Zinplava (bezlotoxumab, Merck) is a fully human IgG1 monoclonal antibody that neutralizes the effects of C. difficile toxin B. It was recently approved by the FDA for the prevention of recurrent C. difficile infection (CDI) in high-risk adults receiving antibiotic therapy for CDI, and Merck expects it will be available in the first quarter of 2017, according to a press release.
Erik R. Dubberke
“It’s a novel non-antibiotic approach to prevention of CDI recurrence when given in addition to standard of care antibiotics for [CDI],” Erik R. Dubberke, MD, MSPH, of the division of infectious diseases, Washington University School of Medicine, said during his presentation. “Its efficacy was demonstrated in two randomized placebo controlled trials: MODIFY I and MODIFY II.”
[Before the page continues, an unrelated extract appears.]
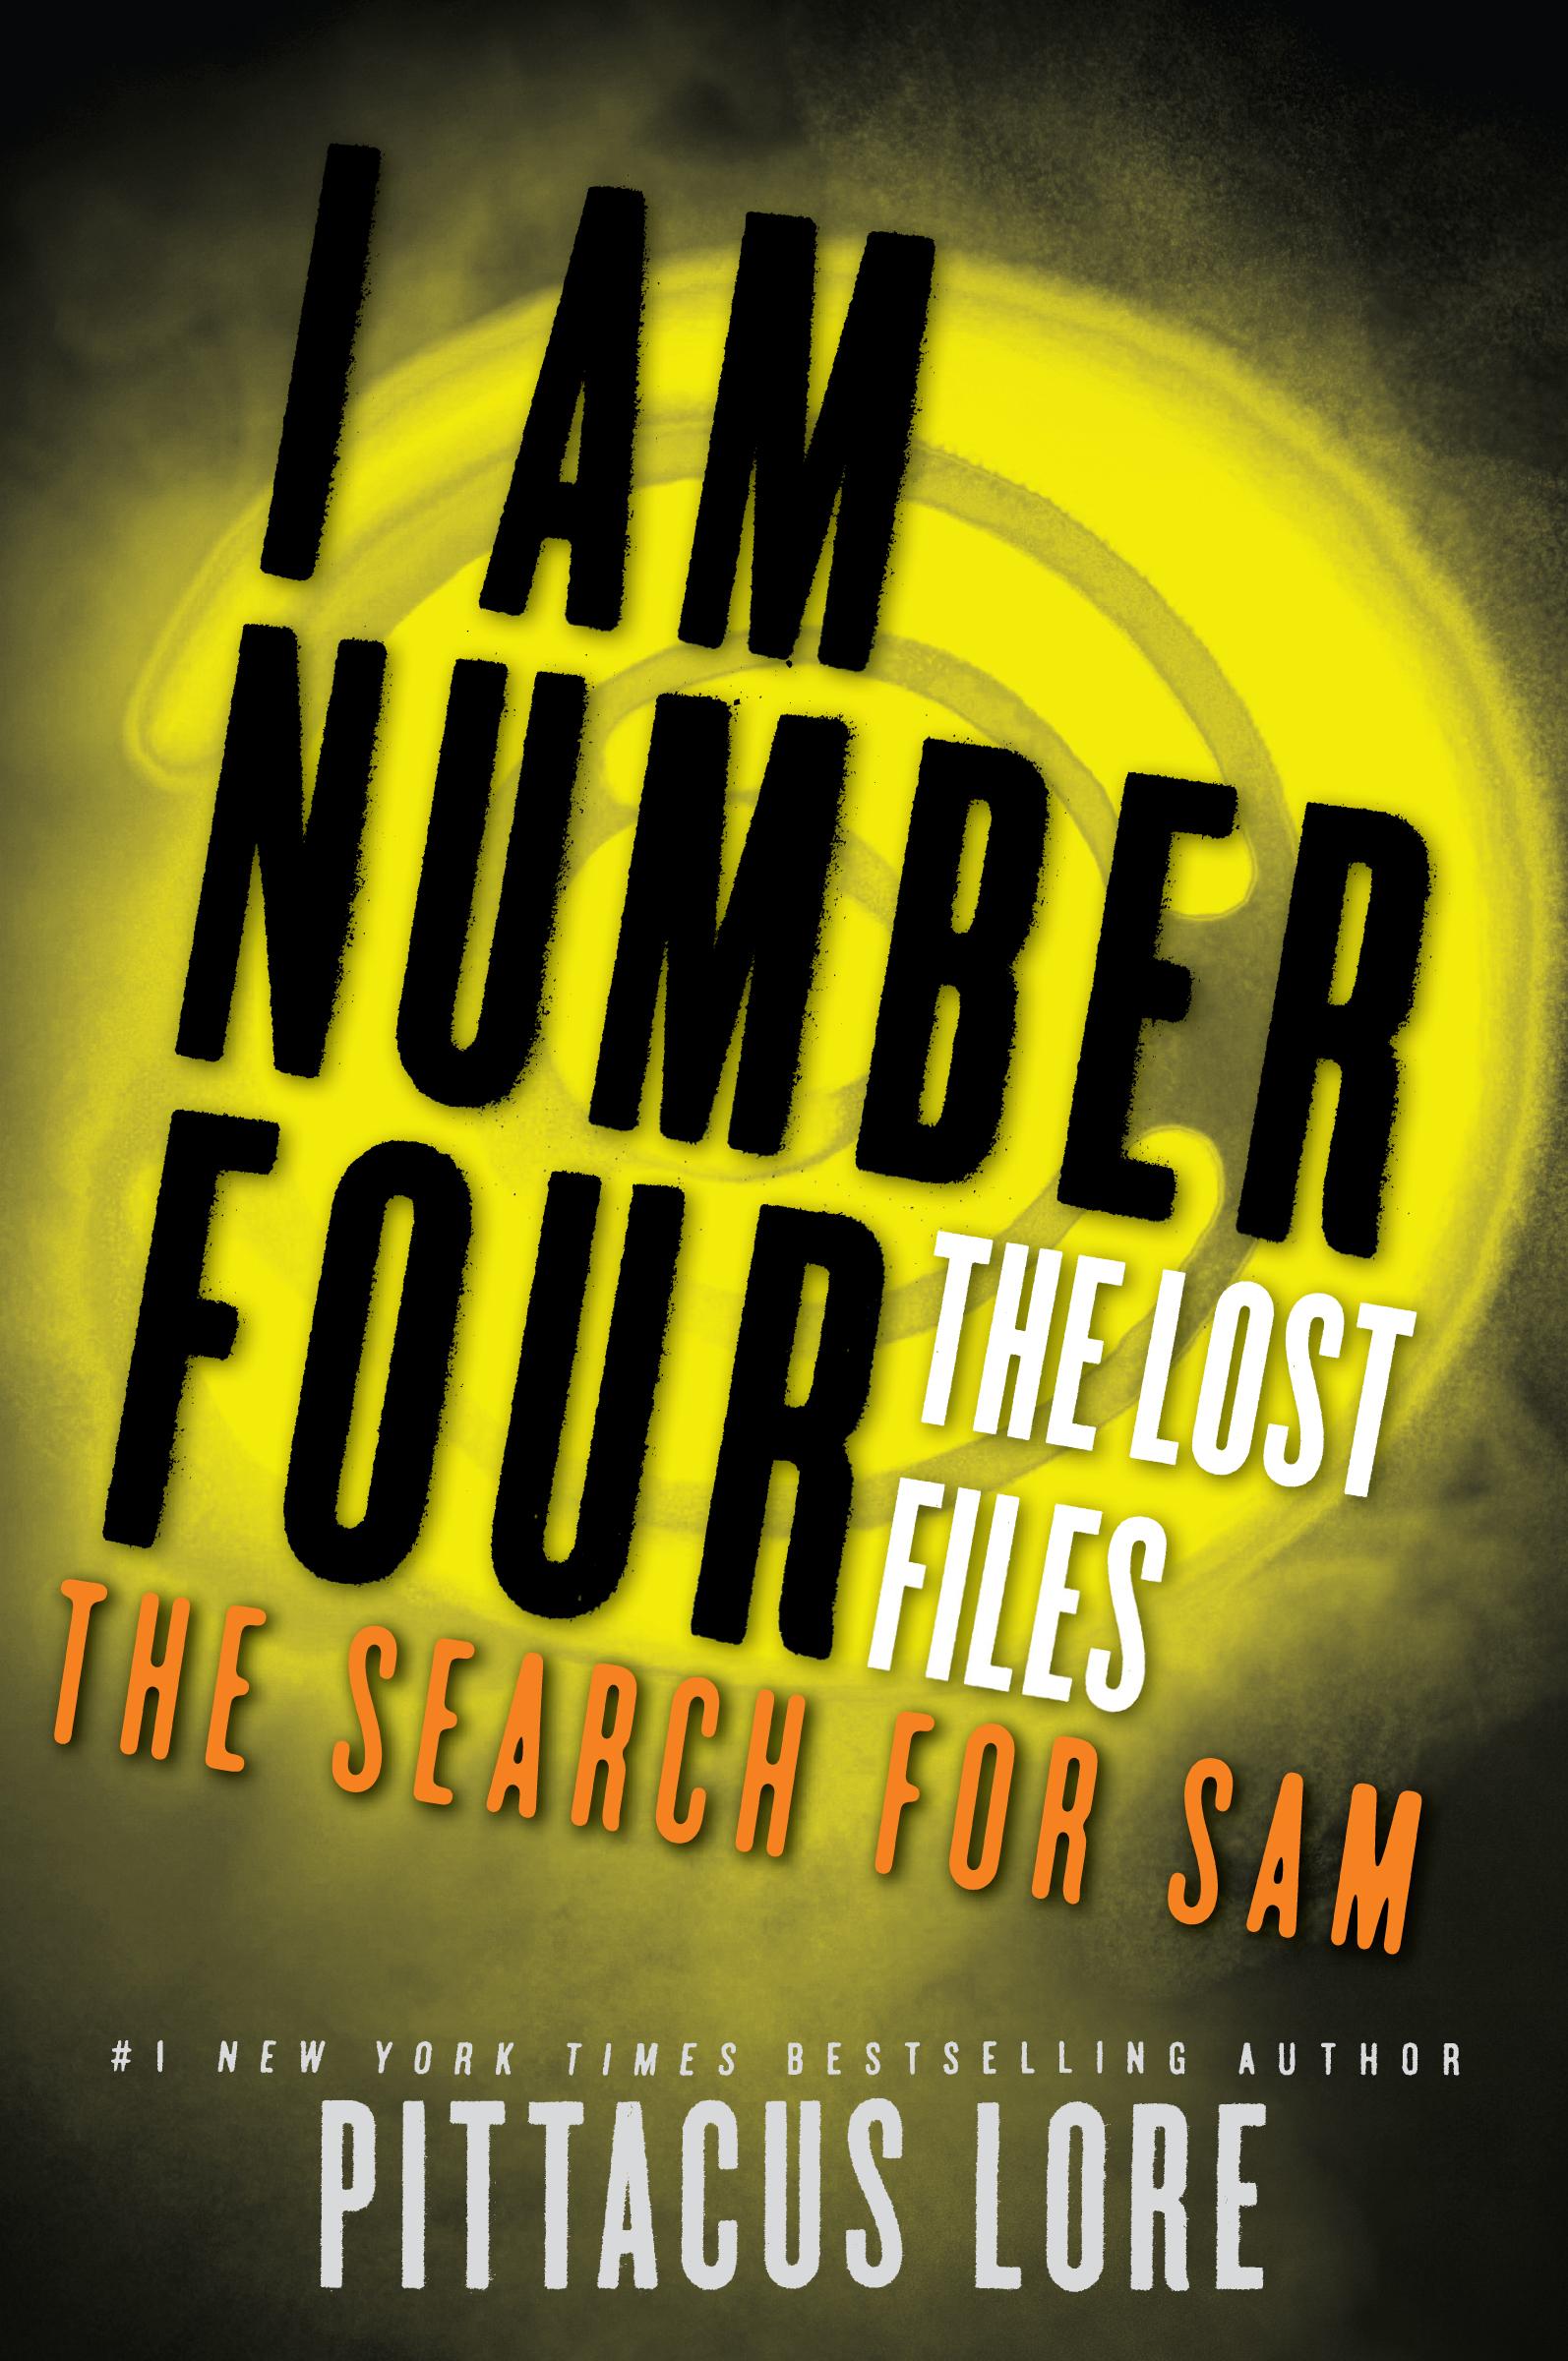 RayShappell_IANF LF4 Search for Sam.jpg

To determine whether the choice of standard of care antibiotic — metronidazole, vancomycin or fidaxomicin — influenced CDI recurrence after bezlotoxumab therapy, MODIFY investigators stratified randomization based on antibiotic treatment for a pre-specified analysis.
Among 781 CDI patients who received bezlotoxumab and 773 who received placebo, 48.5% received oral metronidazole, 48.5% received oral vancomycin alone or with IV metronidazole, and 3.6% received oral fidaxomicin alone or with IV metronidazole. Recurrent CDI patients were more likely to receive vancomycin (71%) while primary CDI patients were more likely to receive metronidazole (60%).
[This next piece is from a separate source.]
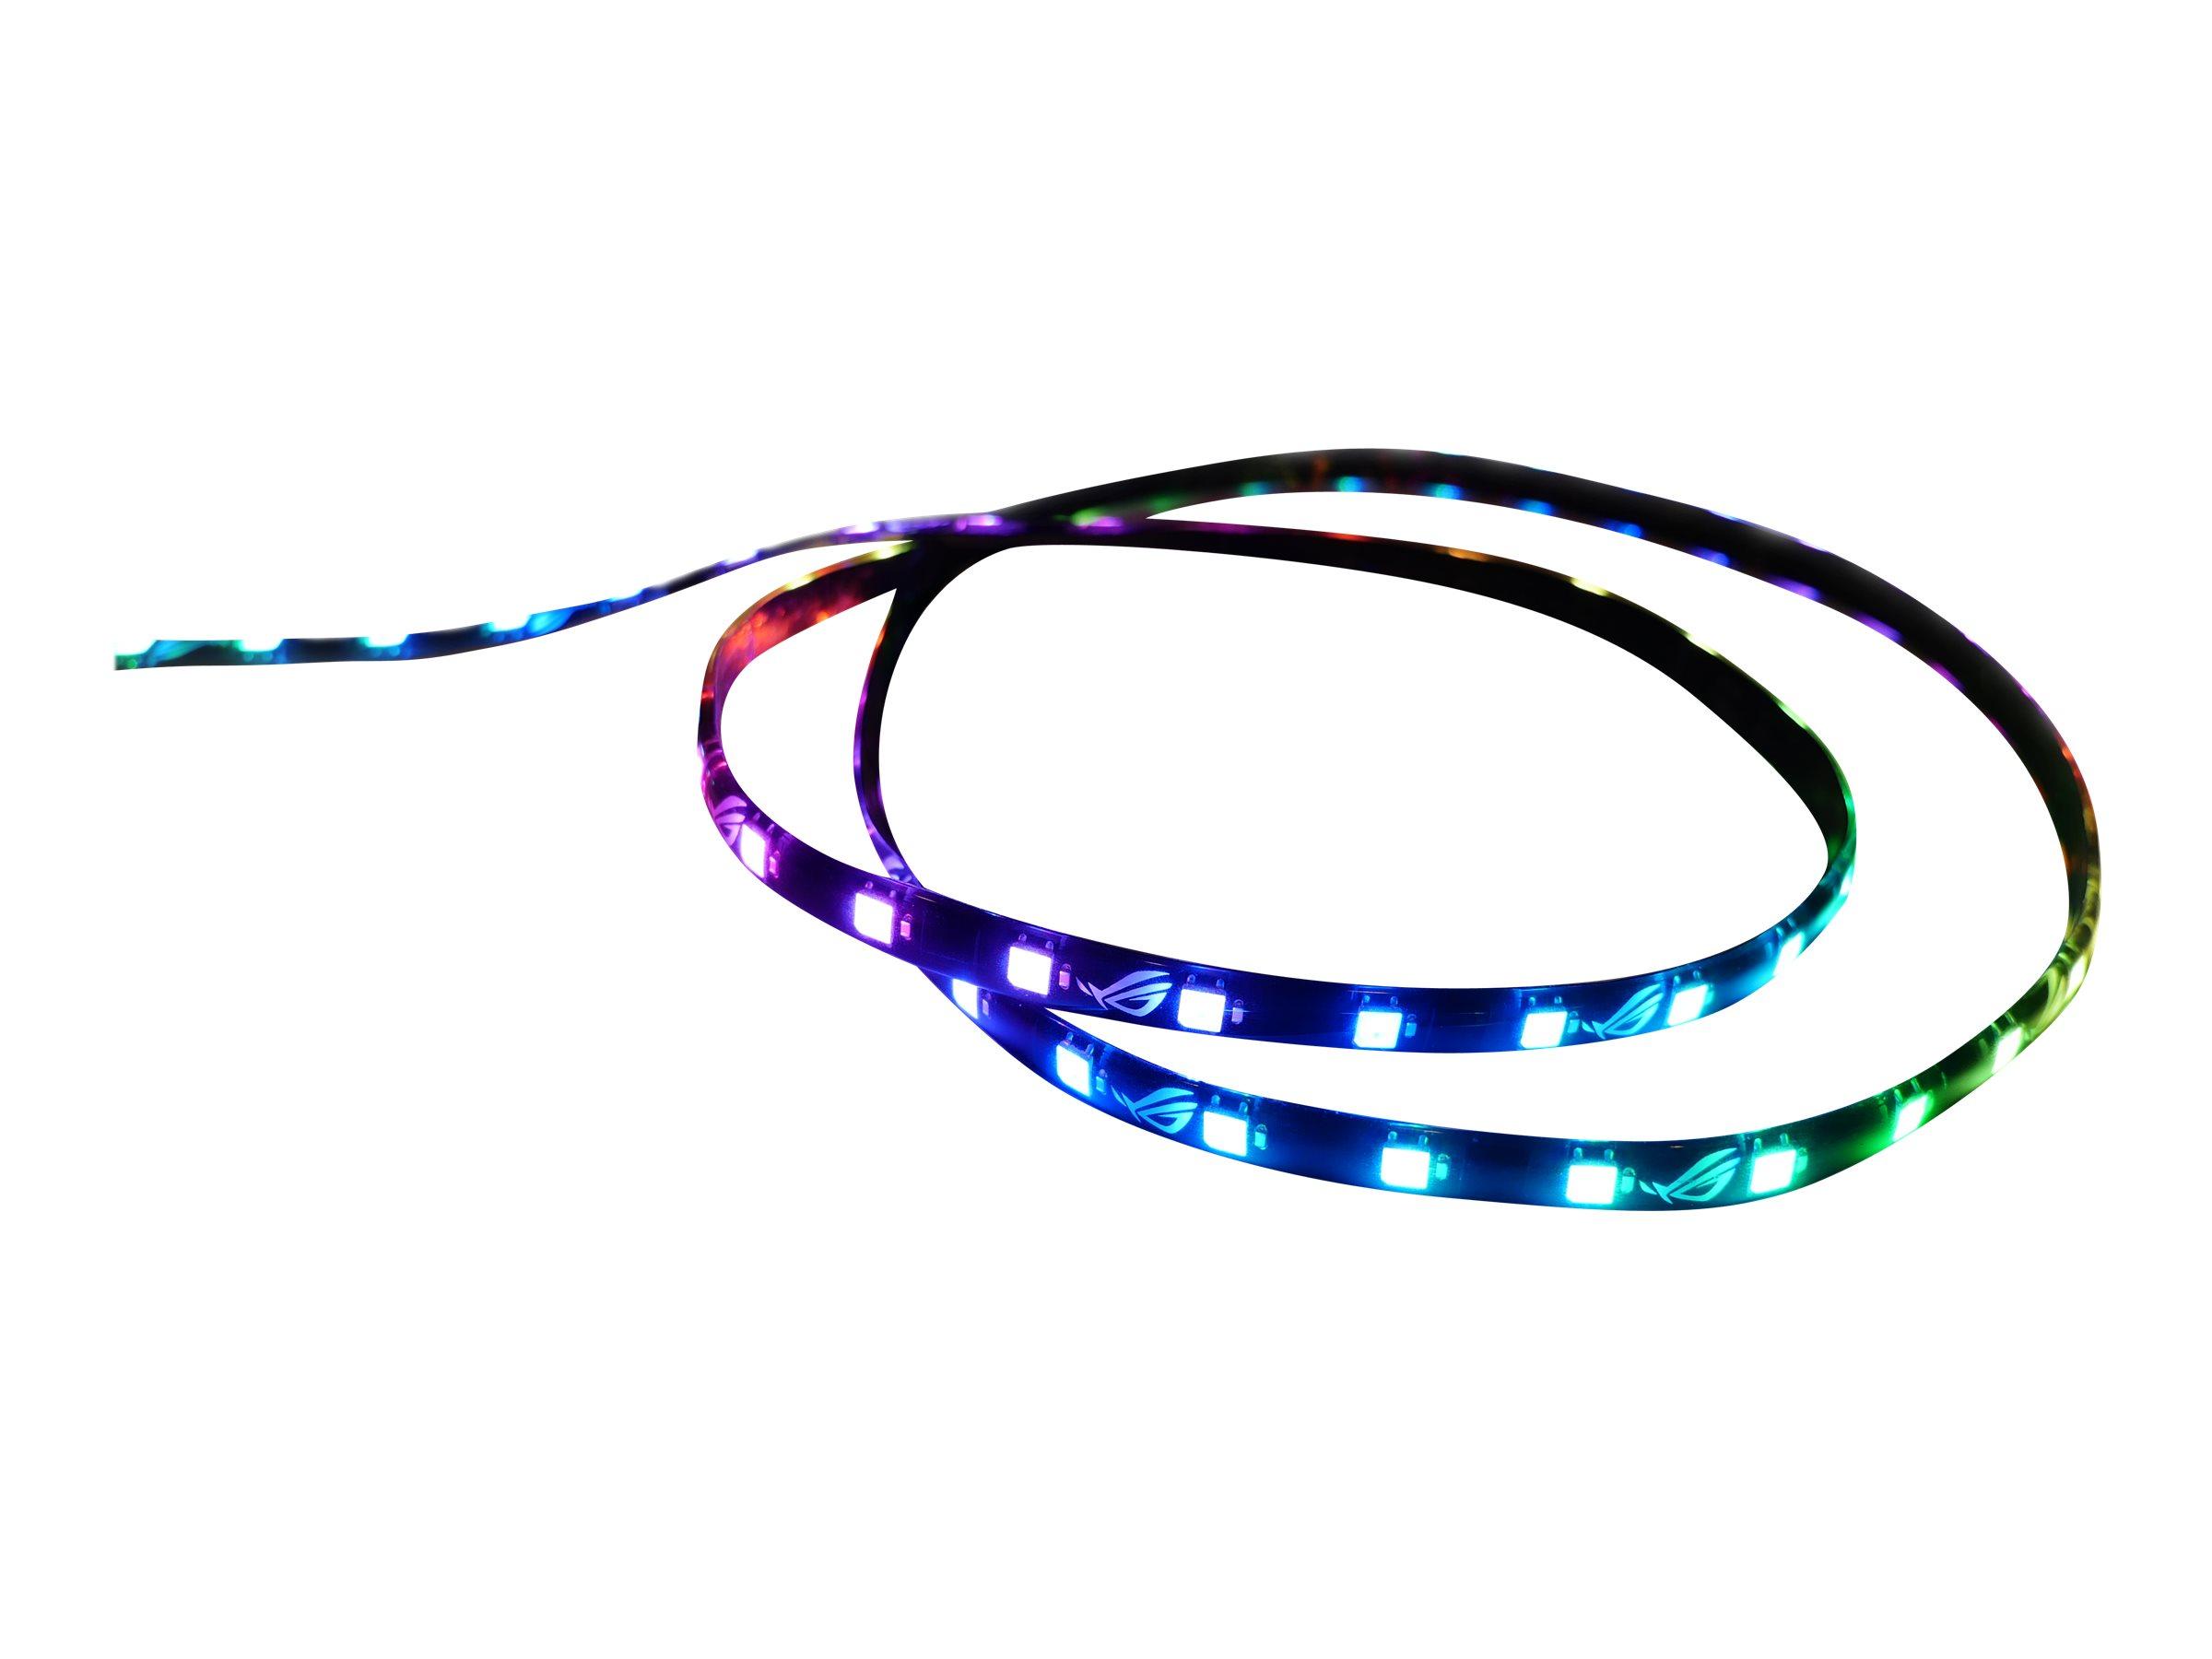 ASUS ROG Addressable LED Strip - Systemgehäusebeleuchtung (LED)

“Patients receiving vancomycin were older and sicker, and had more risk factors for recurrent [CDI],” Dubberke noted.
Rates of clinical cure — defined as absence of diarrhea for at least 2 consecutive days after completion of no more than 2 weeks of standard of care antibiotics — were comparable between treatment and placebo groups regardless of antibiotic type, which was consistent with overall study results (80% vs. 80.3%). Moreover, the bezlotoxumab group had a lower CDI recurrence rate compared with placebo in all three antibiotic subgroups (16.5% vs. 26.6% overall).
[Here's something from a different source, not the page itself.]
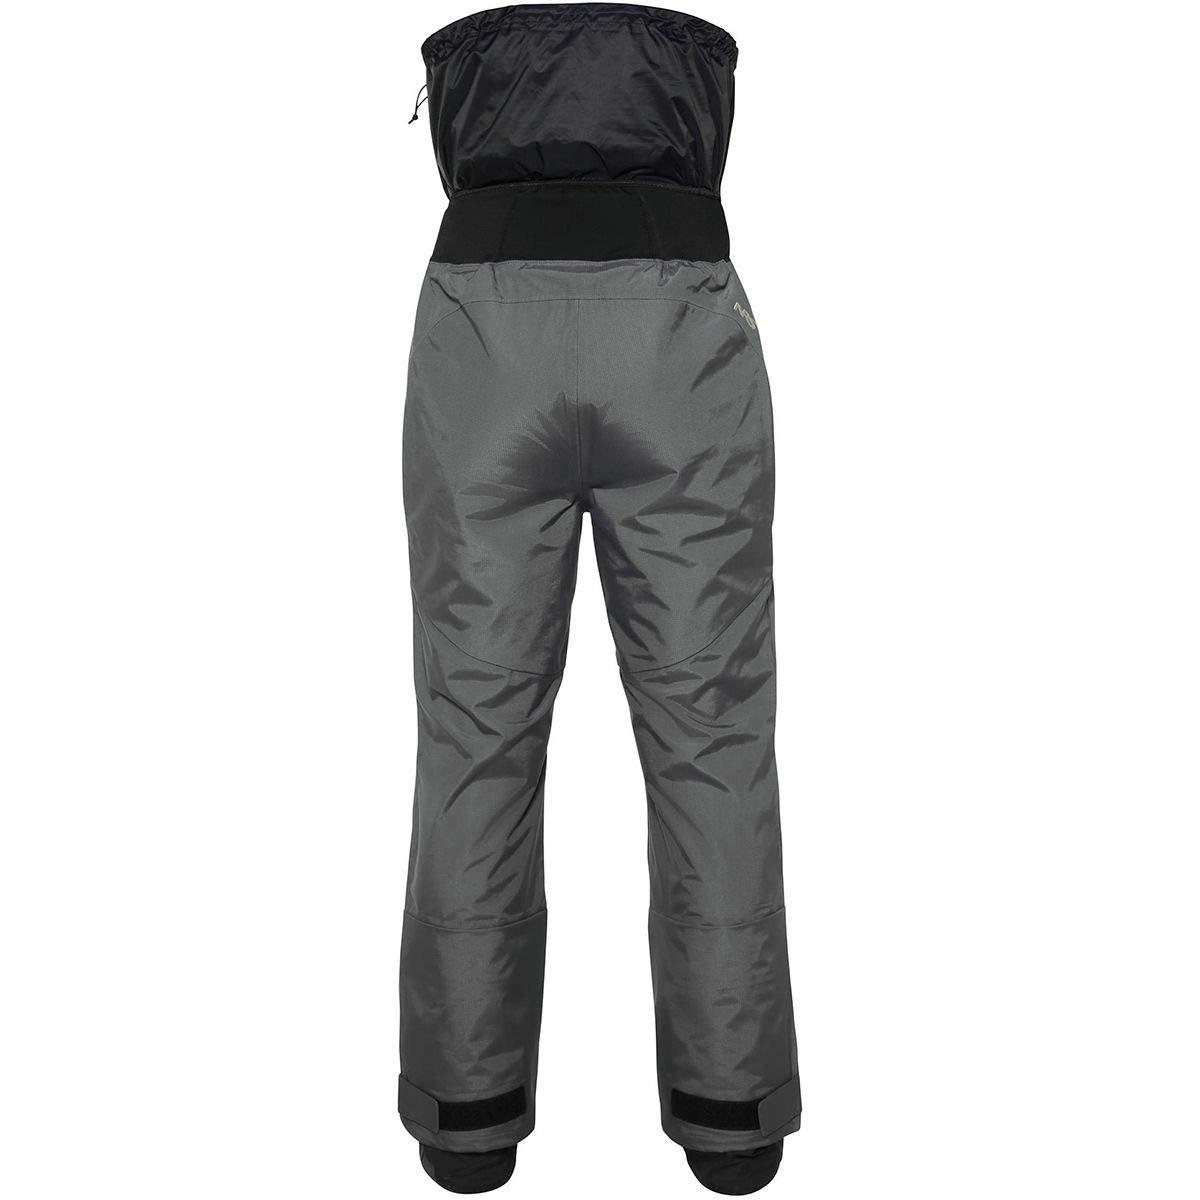 NRS Freefall Dry Pant Gunmetal Large

“Bezlotoxumab had no impact on the proportion of patients that achieved clinical cure regardless of the stratum, and overall 80% of subjects achieved clinical cure. However ... 10% fewer [patients who received bezlotoxumab] had recurrence compared to those on placebo in the metronidazole arm, 15% fewer in the vancomycin stratum and 12% fewer in the fidaxomicin stratum, for a 12% reduction in recurrence amongst those people who received bezlotoxumab compared to placebo overall in the trial, and the results for metronidazole, vancomycin and all subjects were statistically significant,” Dubberke said. “Bezlotoxumab did not affect the initial clinical response at the end of standard of care therapy, and bezlotoxumab reduced the proportion of subjects with [CDI] recurrence regardless of the standard of care antibiotic given for treatment of the presenting episode.” – by Adam Leitenberger
Reference:
Dubberke ER, et al. Abstract #838. Presented at: IDWeek; Oct. 25-30, 2016; New Orleans.
Disclosures: Dubberke reports financial relationships with Rebiotix, Merck, Sanofi Pasteur and Summit. Please see the full study for a list of all other researchers’ relevant financial disclosures.